Faustin Linyekula in Sur les trace de Dinozord. Credit: Agathe Poupeney

There is bountiful text, mostly spoken by Linyekula, but also writings by Antoine Vumilia Muhindo (“Vumi”), who actually appears live via Skype from Sweden where he is in exile after escaping from a Kinshasa prison while serving time for political crimes. Lines of text are projected on an elegant plywood panel, and are also beamed from a projector held by Linyekula and aimed at various surfaces in the theater. The countertenor Serge Kakudji sings lines from Mozart’s Requiem; the high melodic lines radiating from his athletic physique amplify the sense of disorientation. A line is repeated that the Requiem is one of the last flares of virtuosity, but apart from the process of mourning that it is meant to serve, it’s not clear the relation to the rest of what’s happening on stage. In fact, there are so many ideas coursing through the work that it’s difficult to focus on one in particular. 

The piece is heavily theatrical and text-based, but there are a few dance scenes that haunt the memory. Linyekula doffs his shirt, exposing a chalky cross on his chest, and begins his foxy prowl around a mound of papers and documents dumped out of a red metal trunk—supposedly the archive of the deceased writer Kabako.

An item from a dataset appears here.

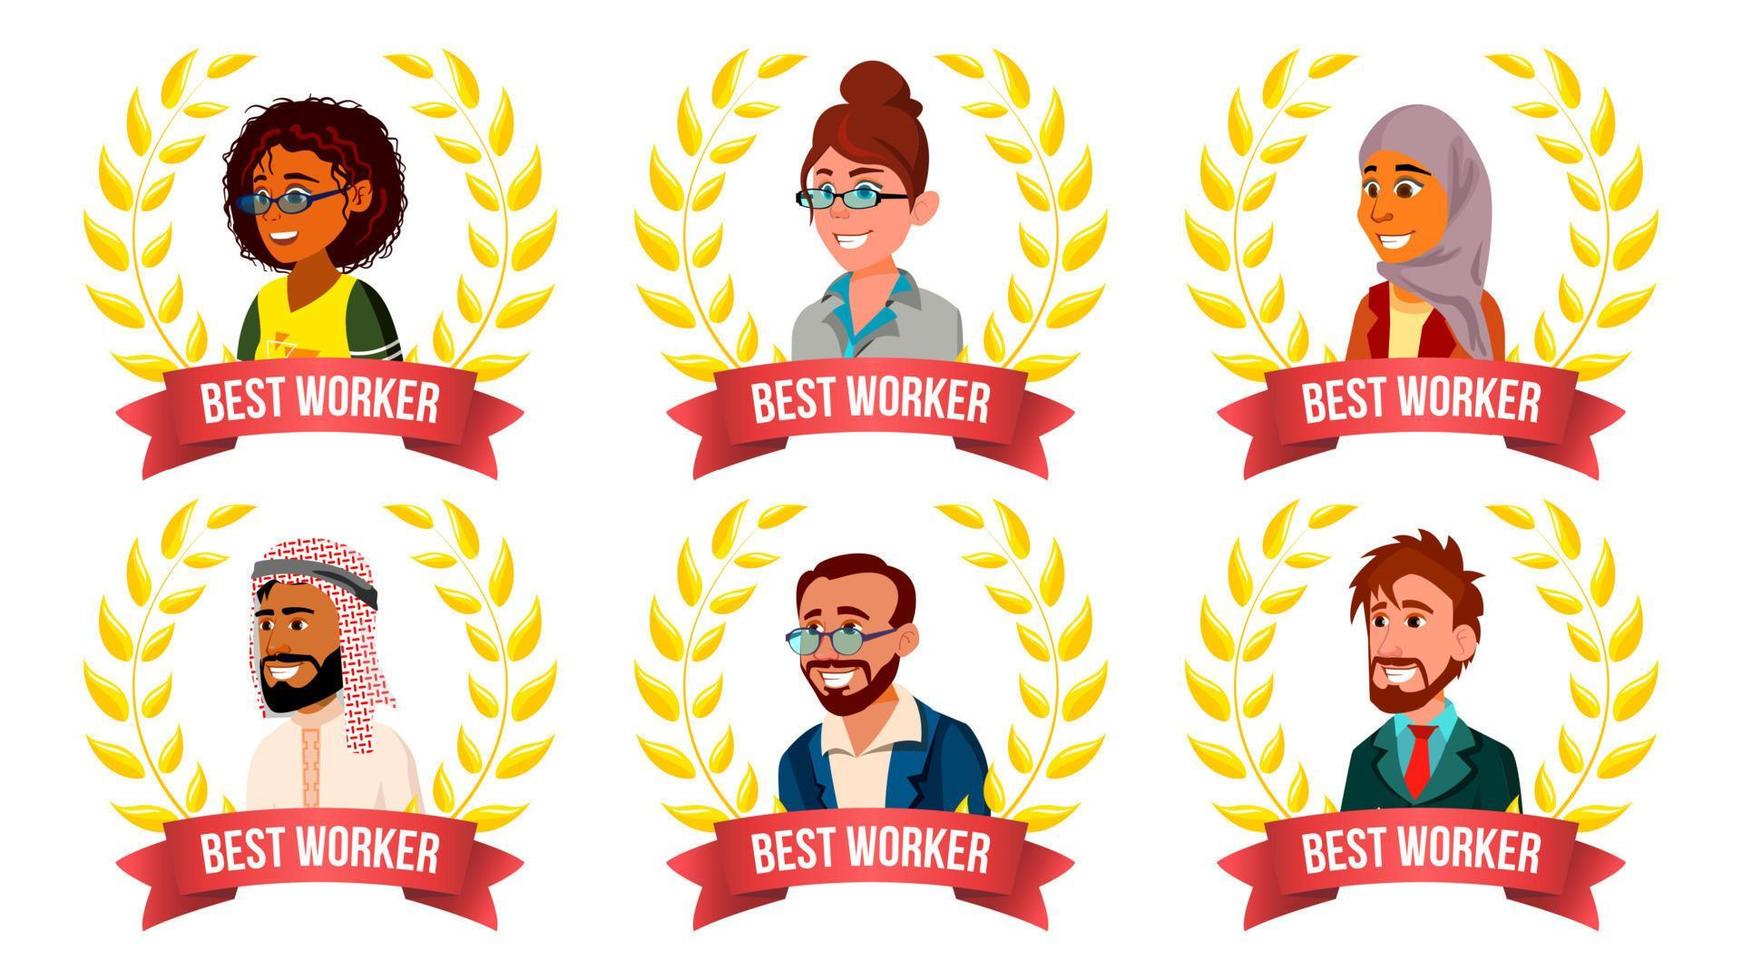 Best Worker Employee Set Vector. Man, Woman. Arab, Turkish, European, Afro American. Award Of The Year. Gold Wreath. The Most Great Results. Smiling. Leader Business Cartoon Illustration vector

Sinking into his bent knees, yet light as a feather, he slinks and pulses in a circle around the trove, which emanates an aura of static ideas—perhaps squandered, perhaps preserved, awaiting discovery. The documents are dumped back into the suitcase, ready to be transported elsewhere; the men rotate their pelvises in an odd, silent synchronicity. And toward the end, Jeannot Kumbonyeki injects some visceral excitement in a virtuosic hip-hop inflected solo. It helps that he’s accompanied by Jimi Hendrix music rather than the somewhat emotionally confusing, and at times overlapping, classical strains which precede it.

It is clear that Linyekula has plentiful stories to share, and he possesses a keen theatrical flair and aesthetic that is not out of place in New York’s more conceptual performance lairs. His piece at the Met succeeded because it zeroed in on a few ideas, and the artworks (disguised as props) paired with the choreography, told a compelling story. At the Skirball, a more complex political scenario unfolded, but was paired incongruously with Mozart. I suppose that’s the point, the tension between the “pinnacle” of western Classicism versus distant Congolese elements that were reminders of political strife. Fewer ideas here would help to focus the work, made by a prolific, at times poetic inventor whose emerging prominence on the international stage was reinforced this month with three separate events, including a larger group performance at Weeksville Heritage Center. No doubt we’ll have the chance to learn more from this intriguing voice.

Contributor

Susan Yung

SUSAN YUNG is a New York-based culture writer.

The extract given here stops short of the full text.